The encoded protein is composed of 180 amino acids and has a predicted molecular mass of 22kDa. The peptide sequence shares no significant homology with any other human proteins but is highly conserved across a wide diversity of animal species, suggesting both unique function and evolutionary importance.[6] Initial protein prediction studies suggested that PTTG1IP was a cell surface glycoprotein, however, the recent identification of a nuclear localisation signal (NLS) suggests that it may have a role both in the cytoplasm and as a nuclear protein.[6]


Although PTTG1IP is ubiquitously expressed in normal human tissues, its exact function remains elusive.[6] It has been shown to directly interact with the human securin and proto-oncogene, PTTG1, thus facilitating its nuclear translocation and the subsequent transcriptional activation of basic fibroblast growth factor (bFGF) by PTTG1.[6]

Further evidence suggests that PTTG1IP may have a direct role in cancer. Initially, PTTG1IP expression was found to be higher in pituitary tumours compared with normal pituitary tissue.[7] In particular, PTTG1IP has been shown to regulate thyroid cell growth, with overexpression resulting in hyperplasia and the formation of lesions within the thyroid gland.[8] PTTG1IP expression has also been independently associated with tumour recurrence [7] and subcutaneous expression results in tumour formation in nude mice.[7]

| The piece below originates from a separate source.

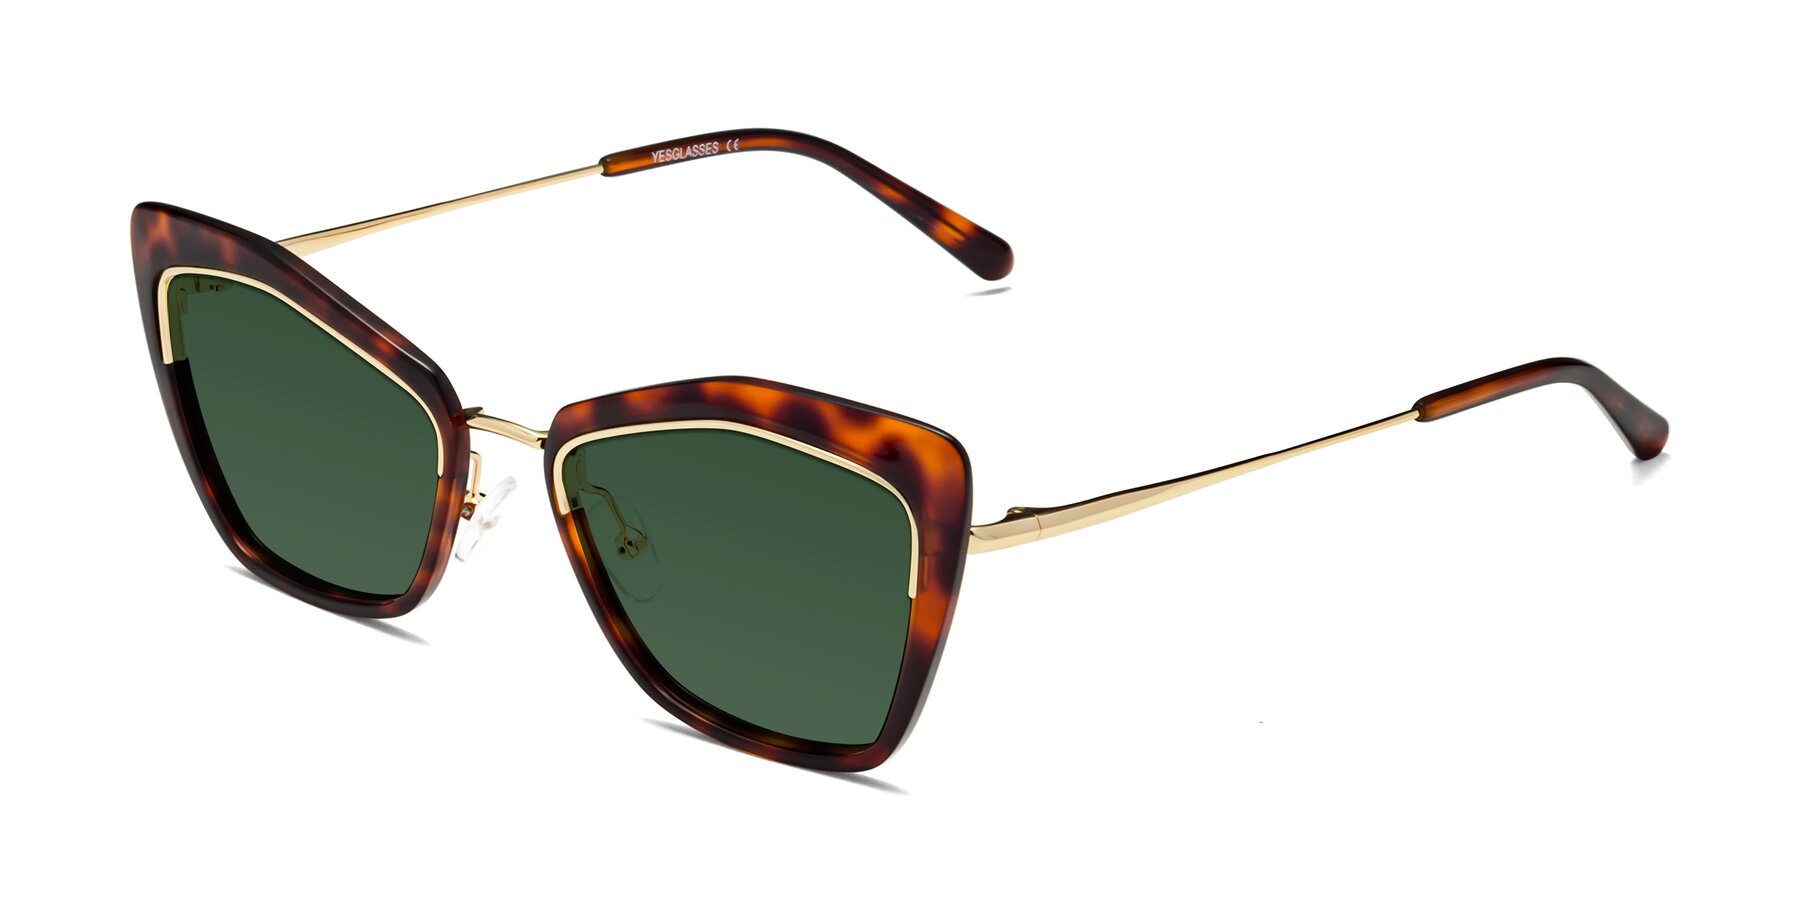 Angle of Lasso in Light Tortoise with Green Tinted Lenses

PTTG1IP is also implicated in breast cancer.[9] Immunohistochemical analysis of tissue samples has revealed that PTTG1IP is strongly expressed in several types and grades of breast cancer.[9] Furthermore, overexpression and secretion of PTTG1IP induces cell invasion,[9] a process that is essential for the formation of metastatic disease.

Furthermore, PTTG1IP has been reported to regulate the expression of the human sodium-iodide symporter (NIS).[10] NIS is expressed by thyroid follicular epithelial cells and is responsible for iodine transport and uptake. The ability of the thyroid to accumulate iodine provides the basis for radioiodine ablation of thyroid tumours and their metastases. Overexpression of PTTG1 or PTTG1IP inhibits NIS mRNA expression and iodide uptake in human and rat thyroid cells.[8][10][11][12] This has important implications for radioiodine ablation therapy and highlights PTTG1IP as a novel target for improving radioiodine uptake by thyroid tumours.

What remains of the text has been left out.